About this task: Copy, exactly and without additions, every line in the records below from the one holding "Chinese Peony 3-Deck Skateboard Wall Art" through the one holding "Merignac, Francia - 5", both ends included.

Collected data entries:
__________________________________________________
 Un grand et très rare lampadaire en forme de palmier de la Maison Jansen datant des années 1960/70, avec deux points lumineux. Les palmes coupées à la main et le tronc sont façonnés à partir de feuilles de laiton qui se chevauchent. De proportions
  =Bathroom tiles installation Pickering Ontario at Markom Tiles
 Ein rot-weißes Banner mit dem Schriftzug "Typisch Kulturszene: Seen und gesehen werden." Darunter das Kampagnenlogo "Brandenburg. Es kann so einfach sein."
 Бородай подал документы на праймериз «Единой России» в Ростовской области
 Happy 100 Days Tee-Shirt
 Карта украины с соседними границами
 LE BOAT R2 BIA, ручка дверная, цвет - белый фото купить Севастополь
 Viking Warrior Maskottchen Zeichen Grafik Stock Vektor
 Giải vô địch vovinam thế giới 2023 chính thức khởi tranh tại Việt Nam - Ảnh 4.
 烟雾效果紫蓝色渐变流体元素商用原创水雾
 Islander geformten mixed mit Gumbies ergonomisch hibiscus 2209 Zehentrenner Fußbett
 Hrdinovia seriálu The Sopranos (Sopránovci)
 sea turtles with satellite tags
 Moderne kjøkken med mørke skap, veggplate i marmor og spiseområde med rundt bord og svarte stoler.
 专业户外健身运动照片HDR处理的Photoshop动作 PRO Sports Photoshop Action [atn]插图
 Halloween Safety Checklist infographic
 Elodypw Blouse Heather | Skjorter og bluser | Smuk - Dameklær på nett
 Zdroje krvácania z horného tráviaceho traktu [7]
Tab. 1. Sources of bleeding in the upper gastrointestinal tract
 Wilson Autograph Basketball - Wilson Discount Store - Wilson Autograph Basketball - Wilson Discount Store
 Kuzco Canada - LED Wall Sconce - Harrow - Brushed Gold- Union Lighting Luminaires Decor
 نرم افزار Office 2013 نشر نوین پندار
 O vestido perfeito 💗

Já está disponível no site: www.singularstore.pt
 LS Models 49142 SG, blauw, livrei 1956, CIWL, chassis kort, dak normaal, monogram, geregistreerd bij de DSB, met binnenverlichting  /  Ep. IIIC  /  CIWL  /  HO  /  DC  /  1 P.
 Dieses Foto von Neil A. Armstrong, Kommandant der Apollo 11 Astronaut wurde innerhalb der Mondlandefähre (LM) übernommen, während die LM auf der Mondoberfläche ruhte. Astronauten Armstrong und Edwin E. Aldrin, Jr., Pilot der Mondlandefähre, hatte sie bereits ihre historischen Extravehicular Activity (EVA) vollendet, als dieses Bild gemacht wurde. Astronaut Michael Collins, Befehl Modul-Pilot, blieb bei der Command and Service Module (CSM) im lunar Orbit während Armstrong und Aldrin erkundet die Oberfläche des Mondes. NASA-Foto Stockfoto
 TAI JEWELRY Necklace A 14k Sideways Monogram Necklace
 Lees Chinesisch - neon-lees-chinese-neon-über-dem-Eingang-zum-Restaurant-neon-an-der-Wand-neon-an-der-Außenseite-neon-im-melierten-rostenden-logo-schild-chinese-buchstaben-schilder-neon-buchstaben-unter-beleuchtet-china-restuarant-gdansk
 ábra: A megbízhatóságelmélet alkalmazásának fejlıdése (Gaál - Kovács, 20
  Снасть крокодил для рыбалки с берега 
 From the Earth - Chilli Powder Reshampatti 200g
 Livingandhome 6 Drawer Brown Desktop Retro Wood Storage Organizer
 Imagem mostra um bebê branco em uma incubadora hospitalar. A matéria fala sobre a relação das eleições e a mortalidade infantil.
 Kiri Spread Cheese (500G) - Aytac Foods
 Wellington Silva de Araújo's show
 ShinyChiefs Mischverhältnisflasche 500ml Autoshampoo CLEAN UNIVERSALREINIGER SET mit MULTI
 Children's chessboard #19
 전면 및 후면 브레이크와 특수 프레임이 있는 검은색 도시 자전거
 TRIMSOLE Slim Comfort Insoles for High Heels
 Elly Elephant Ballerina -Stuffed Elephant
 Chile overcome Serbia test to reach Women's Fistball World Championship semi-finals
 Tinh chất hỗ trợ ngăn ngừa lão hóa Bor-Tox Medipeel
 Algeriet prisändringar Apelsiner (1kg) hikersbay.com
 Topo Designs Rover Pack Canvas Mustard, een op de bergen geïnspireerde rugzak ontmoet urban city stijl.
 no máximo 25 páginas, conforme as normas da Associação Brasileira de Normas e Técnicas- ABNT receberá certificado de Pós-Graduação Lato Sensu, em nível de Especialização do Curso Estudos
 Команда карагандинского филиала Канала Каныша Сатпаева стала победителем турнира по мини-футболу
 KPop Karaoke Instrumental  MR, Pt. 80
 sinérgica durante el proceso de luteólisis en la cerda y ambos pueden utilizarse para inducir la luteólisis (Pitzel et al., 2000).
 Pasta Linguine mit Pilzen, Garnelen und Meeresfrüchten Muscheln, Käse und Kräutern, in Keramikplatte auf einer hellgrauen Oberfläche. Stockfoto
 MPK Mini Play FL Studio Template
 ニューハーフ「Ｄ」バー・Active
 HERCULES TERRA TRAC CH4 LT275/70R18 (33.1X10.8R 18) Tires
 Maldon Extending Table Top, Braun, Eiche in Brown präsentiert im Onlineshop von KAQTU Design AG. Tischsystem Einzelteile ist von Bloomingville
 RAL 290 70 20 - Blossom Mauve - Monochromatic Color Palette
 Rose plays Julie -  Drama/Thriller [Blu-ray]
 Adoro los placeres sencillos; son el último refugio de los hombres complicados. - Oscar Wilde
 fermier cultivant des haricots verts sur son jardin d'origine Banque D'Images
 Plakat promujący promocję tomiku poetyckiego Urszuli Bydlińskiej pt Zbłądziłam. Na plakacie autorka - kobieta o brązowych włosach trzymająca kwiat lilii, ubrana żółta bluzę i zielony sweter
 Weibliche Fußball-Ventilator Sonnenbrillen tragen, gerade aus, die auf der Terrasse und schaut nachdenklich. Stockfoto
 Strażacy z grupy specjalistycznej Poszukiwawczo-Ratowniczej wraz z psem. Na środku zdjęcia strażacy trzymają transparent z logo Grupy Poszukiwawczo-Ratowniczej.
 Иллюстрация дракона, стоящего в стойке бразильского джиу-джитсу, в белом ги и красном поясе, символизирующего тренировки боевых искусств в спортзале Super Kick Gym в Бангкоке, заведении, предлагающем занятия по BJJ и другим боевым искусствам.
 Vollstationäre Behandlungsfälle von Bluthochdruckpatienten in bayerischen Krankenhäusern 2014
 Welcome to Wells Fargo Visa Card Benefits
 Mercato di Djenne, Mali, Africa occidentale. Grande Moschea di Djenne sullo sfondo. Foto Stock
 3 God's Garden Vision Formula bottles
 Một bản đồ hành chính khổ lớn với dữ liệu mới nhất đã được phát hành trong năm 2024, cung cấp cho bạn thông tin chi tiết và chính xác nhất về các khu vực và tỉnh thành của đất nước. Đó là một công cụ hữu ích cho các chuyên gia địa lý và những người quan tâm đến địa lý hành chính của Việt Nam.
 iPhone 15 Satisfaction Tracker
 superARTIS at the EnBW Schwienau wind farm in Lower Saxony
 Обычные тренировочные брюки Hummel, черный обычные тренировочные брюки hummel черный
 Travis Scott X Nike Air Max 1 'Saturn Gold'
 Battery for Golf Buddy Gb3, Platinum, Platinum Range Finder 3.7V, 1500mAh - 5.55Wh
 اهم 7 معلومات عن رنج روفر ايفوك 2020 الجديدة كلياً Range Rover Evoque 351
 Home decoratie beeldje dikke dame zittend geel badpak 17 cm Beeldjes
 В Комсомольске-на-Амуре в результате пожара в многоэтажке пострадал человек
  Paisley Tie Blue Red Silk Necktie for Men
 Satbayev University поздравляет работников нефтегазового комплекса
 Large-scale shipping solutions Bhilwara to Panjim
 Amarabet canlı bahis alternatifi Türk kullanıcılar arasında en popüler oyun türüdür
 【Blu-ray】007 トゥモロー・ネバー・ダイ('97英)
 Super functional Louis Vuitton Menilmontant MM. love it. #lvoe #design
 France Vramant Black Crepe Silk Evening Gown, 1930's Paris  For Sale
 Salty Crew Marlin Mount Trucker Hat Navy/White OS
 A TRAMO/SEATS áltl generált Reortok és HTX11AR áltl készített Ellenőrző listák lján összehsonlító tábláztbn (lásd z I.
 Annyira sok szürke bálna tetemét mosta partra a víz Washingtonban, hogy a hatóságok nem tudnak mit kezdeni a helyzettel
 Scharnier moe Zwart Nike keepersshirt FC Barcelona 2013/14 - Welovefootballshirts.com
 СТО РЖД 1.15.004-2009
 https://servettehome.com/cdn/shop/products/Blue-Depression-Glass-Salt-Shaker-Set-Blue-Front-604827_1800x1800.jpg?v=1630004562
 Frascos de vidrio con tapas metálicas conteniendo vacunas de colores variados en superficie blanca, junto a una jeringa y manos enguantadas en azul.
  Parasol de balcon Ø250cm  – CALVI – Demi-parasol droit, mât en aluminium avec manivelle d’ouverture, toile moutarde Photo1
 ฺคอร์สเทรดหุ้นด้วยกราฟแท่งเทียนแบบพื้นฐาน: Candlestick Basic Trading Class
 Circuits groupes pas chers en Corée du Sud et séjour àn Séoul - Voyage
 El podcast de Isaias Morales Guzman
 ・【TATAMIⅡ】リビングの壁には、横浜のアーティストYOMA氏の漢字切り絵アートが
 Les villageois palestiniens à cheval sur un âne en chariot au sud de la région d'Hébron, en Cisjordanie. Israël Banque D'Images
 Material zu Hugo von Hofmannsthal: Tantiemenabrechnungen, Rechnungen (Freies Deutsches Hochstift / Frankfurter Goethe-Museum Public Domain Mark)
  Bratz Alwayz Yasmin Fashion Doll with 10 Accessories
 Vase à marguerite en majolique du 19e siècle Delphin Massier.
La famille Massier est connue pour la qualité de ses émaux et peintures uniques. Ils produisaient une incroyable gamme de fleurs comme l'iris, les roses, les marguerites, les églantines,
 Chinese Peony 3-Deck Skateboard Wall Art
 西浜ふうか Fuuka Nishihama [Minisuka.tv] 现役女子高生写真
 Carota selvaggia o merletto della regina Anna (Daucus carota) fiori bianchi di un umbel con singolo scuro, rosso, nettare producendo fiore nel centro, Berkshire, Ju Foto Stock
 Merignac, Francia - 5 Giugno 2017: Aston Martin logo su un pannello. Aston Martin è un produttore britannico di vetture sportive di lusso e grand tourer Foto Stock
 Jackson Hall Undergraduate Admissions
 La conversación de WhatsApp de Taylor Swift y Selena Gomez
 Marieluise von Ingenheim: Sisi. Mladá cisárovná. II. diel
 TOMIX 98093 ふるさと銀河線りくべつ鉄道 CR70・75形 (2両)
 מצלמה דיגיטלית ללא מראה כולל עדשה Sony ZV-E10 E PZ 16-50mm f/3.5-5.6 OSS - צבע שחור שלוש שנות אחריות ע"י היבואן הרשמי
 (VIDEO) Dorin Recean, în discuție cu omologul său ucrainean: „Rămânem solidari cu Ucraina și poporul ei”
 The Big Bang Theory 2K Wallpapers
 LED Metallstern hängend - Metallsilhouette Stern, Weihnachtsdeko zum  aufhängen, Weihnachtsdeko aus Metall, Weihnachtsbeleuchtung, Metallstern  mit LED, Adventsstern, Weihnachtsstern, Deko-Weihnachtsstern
__________________________________________________
Exercise output:
 Chinese Peony 3-Deck Skateboard Wall Art
 西浜ふうか Fuuka Nishihama [Minisuka.tv] 现役女子高生写真
 Carota selvaggia o merletto della regina Anna (Daucus carota) fiori bianchi di un umbel con singolo scuro, rosso, nettare producendo fiore nel centro, Berkshire, Ju Foto Stock
 Merignac, Francia - 5 Giugno 2017: Aston Martin logo su un pannello. Aston Martin è un produttore britannico di vetture sportive di lusso e grand tourer Foto Stock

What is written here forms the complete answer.